Find answers, ask questions, and share your expertise
Announcements
Celebrating as our community reaches 100,000 members! Thank you!

Problem in connecting to Hbase from scala code in Cloudera Enterprise 5.13.0

avatar
New Contributor

Hi Folks,

 

I am having issues connecting to the Hbase instance running on CDH 5.13 with my scala code.
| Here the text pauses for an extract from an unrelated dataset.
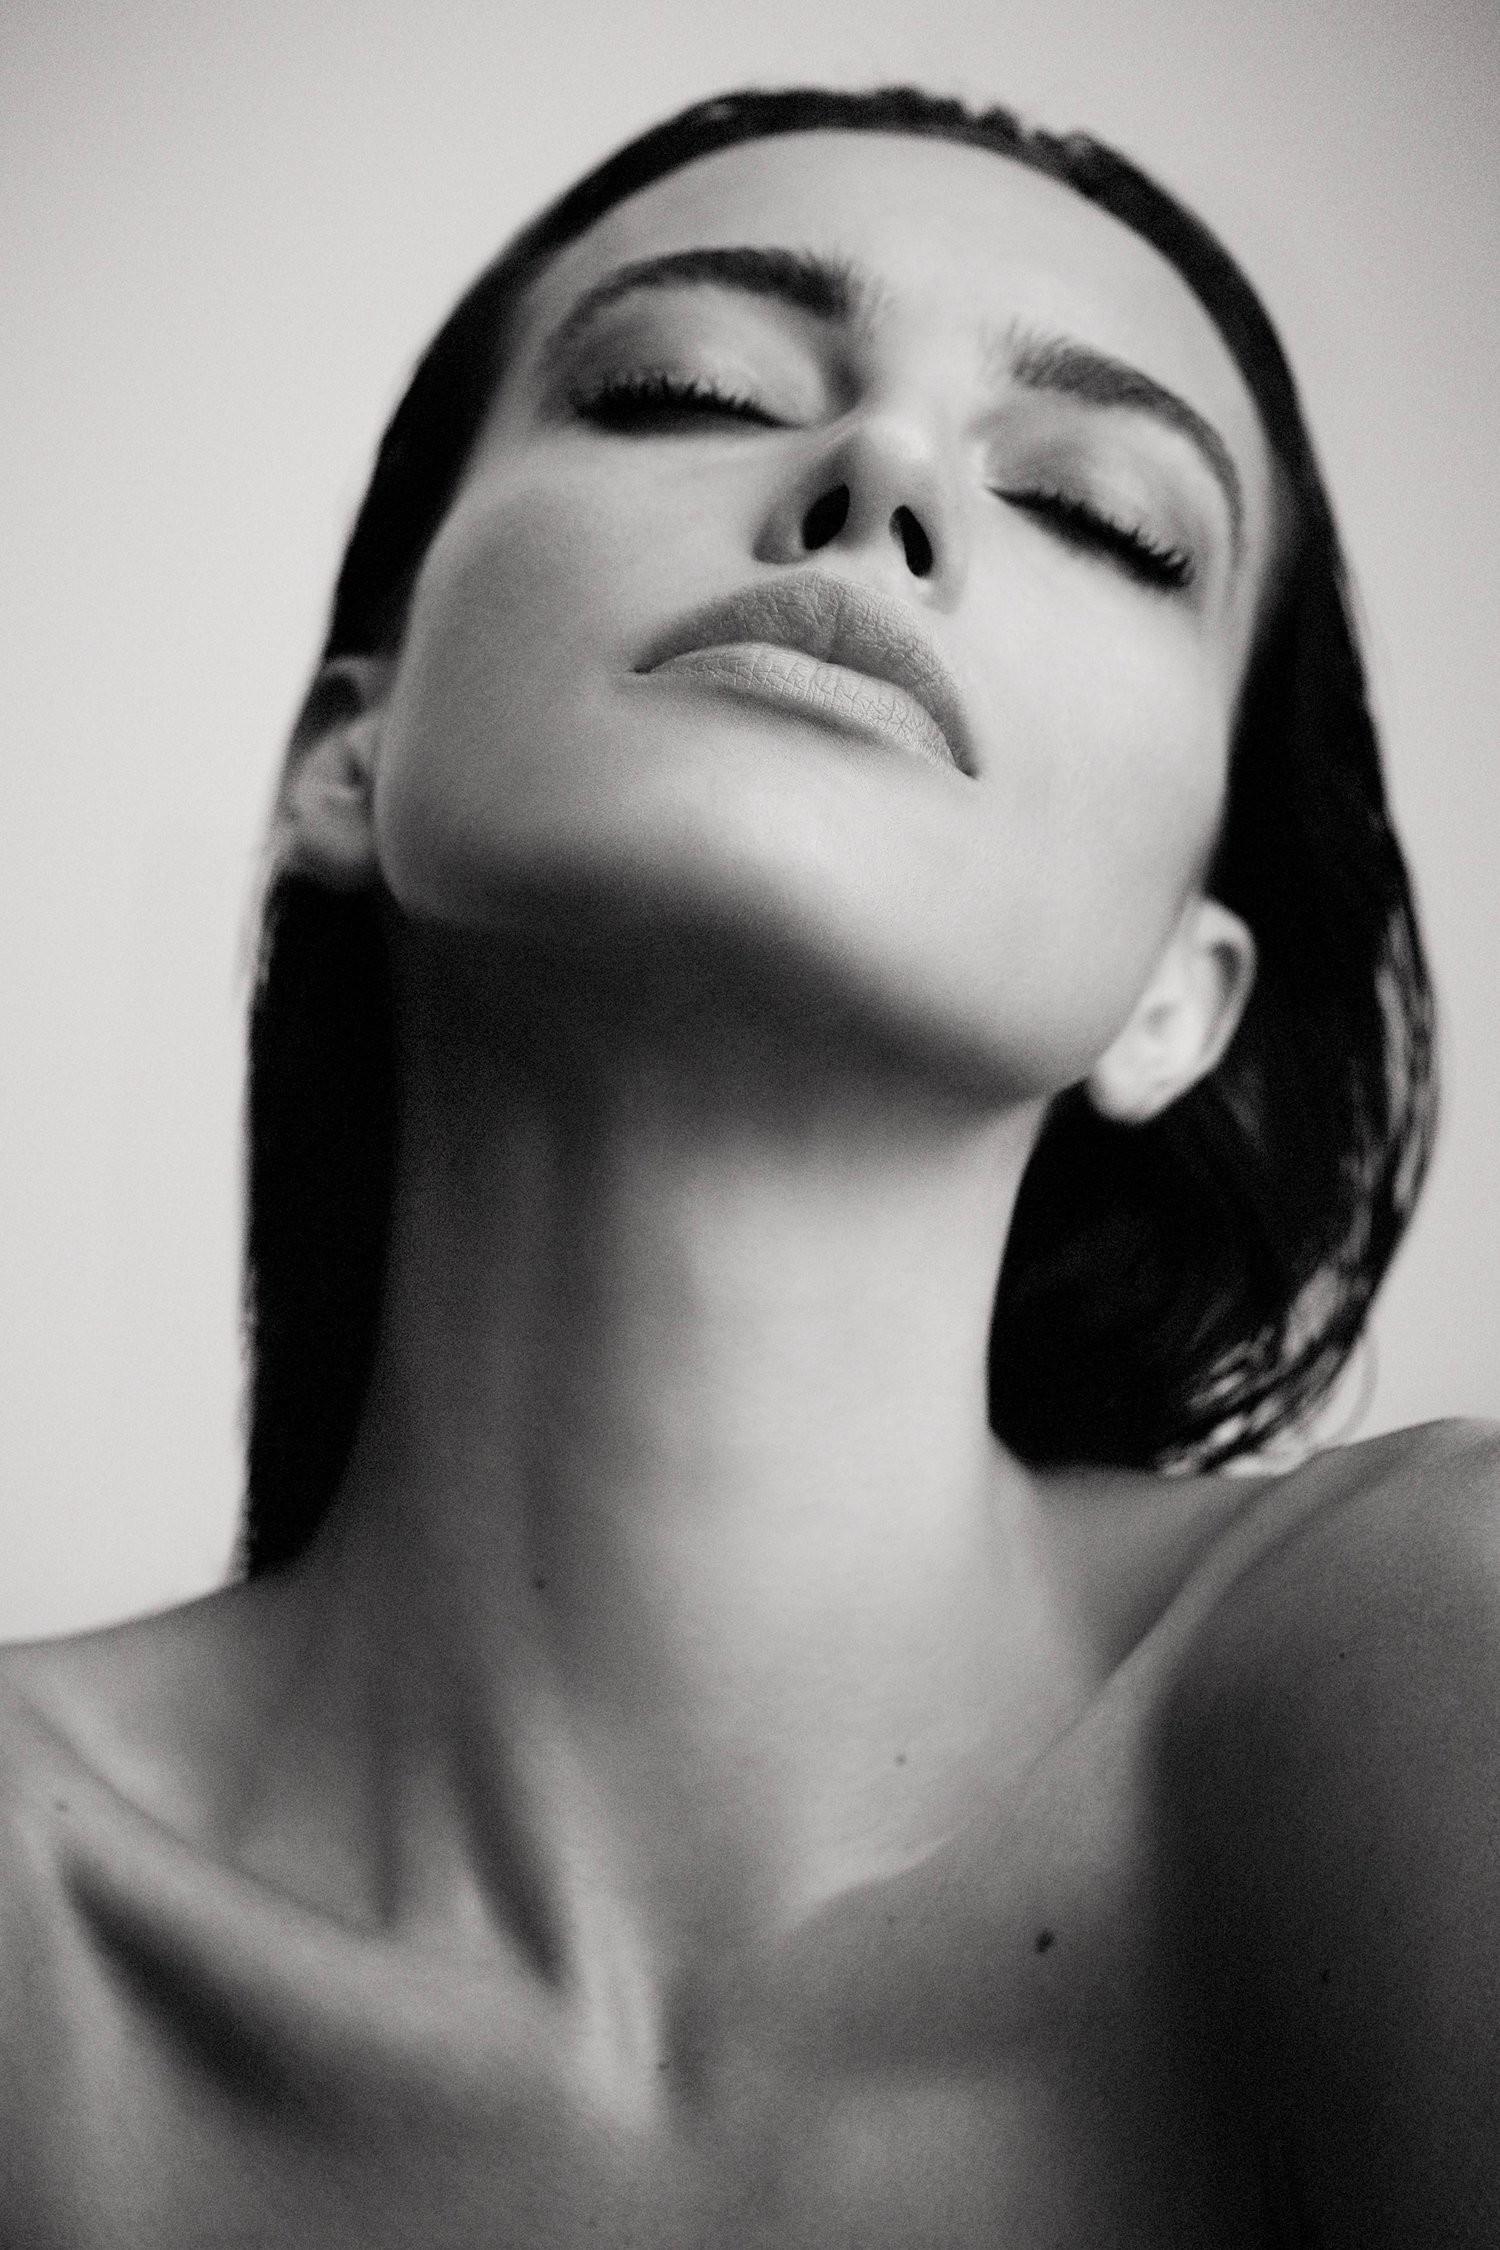 TheFappening Meri Gulin nudes (65 foto and video), Ass, Leaked, Instagram, in bikini 2006

THe build.sbt and the code is given below, I have tried to follow the steps in 


https://community.cloudera.com/t5/Data-Ingestion-Integration/Problem-in-connecting-Hbase-from-Scala-...

 

build.sbt

version := "0.0.1-SNAPSHOT"
name := "entityextractor"
organization := "in.sample"

val scalaTestVersion = "3.0.1"
val sparkVersion = "2.1.0"
val hadoopVersion = "2.7.1"
val hbaseVersion = "1.2.2"
val droolsVersion = "6.2.0.Final"

// coverageEnabled := true

// scalastyle:off
libraryDependencies ++= Seq(
"org.apache.spark" %% "spark-sql" % sparkVersion exclude("javax.servlet", "servlet-api"),
"org.apache.spark" %% "spark-streaming" % sparkVersion exclude("javax.servlet", "servlet-api"),
"org.apache.spark" %% "spark-streaming-kafka-0-8" % sparkVersion exclude("org.apache.spark", "spark-streaming_2.10"),
"org.apache.spark" % "spark-hive_2.11" % "2.1.0" % "provided",
"org.apache.spark" %% "spark-mllib" % "2.1.0"
)

libraryDependencies ++= Seq(
"org.apache.hbase" % "hbase-server" % hbaseVersion exclude("org.mortbay.jetty", "servlet-api-2.5"),
"org.apache.hbase" % "hbase-common" % hbaseVersion exclude("javax.servlet", "servlet-api"),
"org.apache.hbase" % "hbase-client" % hbaseVersion exclude("javax.servlet", "servlet-api"),
"org.apache.hadoop" % "hadoop-common" % hadoopVersion exclude("javax.servlet", "servlet-api"),
"org.apache.hadoop" % "hadoop-hdfs" % hadoopVersion exclude("javax.servlet", "servlet-api")
)

libraryDependencies ++= Seq(
"org.apache.hbase" % "hbase-testing-util" % hbaseVersion % Test,
"org.apache.hbase" % "hbase-server" % hbaseVersion % Test classifier "tests" exclude("javax.servlet", "servlet-api"),
"org.apache.hbase" % "hbase-common" % hbaseVersion % Test classifier "tests" exclude("javax.servlet", "servlet-api"),
"org.apache.hbase" % "hbase-hadoop-compat" % hbaseVersion classifier "tests" exclude("javax.servlet", "servlet-api"),
"org.apache.hbase" % "hbase-hadoop2-compat" % hbaseVersion classifier "tests" exclude("javax.servlet", "servlet-api"),
"org.apache.hadoop" % "hadoop-common" % hadoopVersion % Test classifier "tests" exclude("javax.servlet", "servlet-api"),
"org.apache.hadoop" % "hadoop-hdfs" % hadoopVersion % Test classifier "tests" exclude("javax.servlet", "servlet-api")
)

libraryDependencies ++= Seq(
"org.drools" % "drools-core" % droolsVersion,
"org.drools" % "drools-compiler" % droolsVersion
)
libraryDependencies += "org.scala-lang" % "scala-parser-combinators" % "2.11.0-M4"
libraryDependencies += "com.google.guava" % "guava" % "14.0" force()
libraryDependencies += "com.typesafe" % "config" % "1.2.0"
libraryDependencies += "org.apache.spark" %% "spark-mllib" % "2.1.0"
// scalastyle:on

libraryDependencies += "com.rockymadden.stringmetric" %% "stringmetric-core" % "0.27.4"
// https://mvnrepository.com/artifact/org.apache.phoenix/phoenix-spark
libraryDependencies += "org.apache.phoenix" % "phoenix-spark" % "4.11.0-HBase-1.2"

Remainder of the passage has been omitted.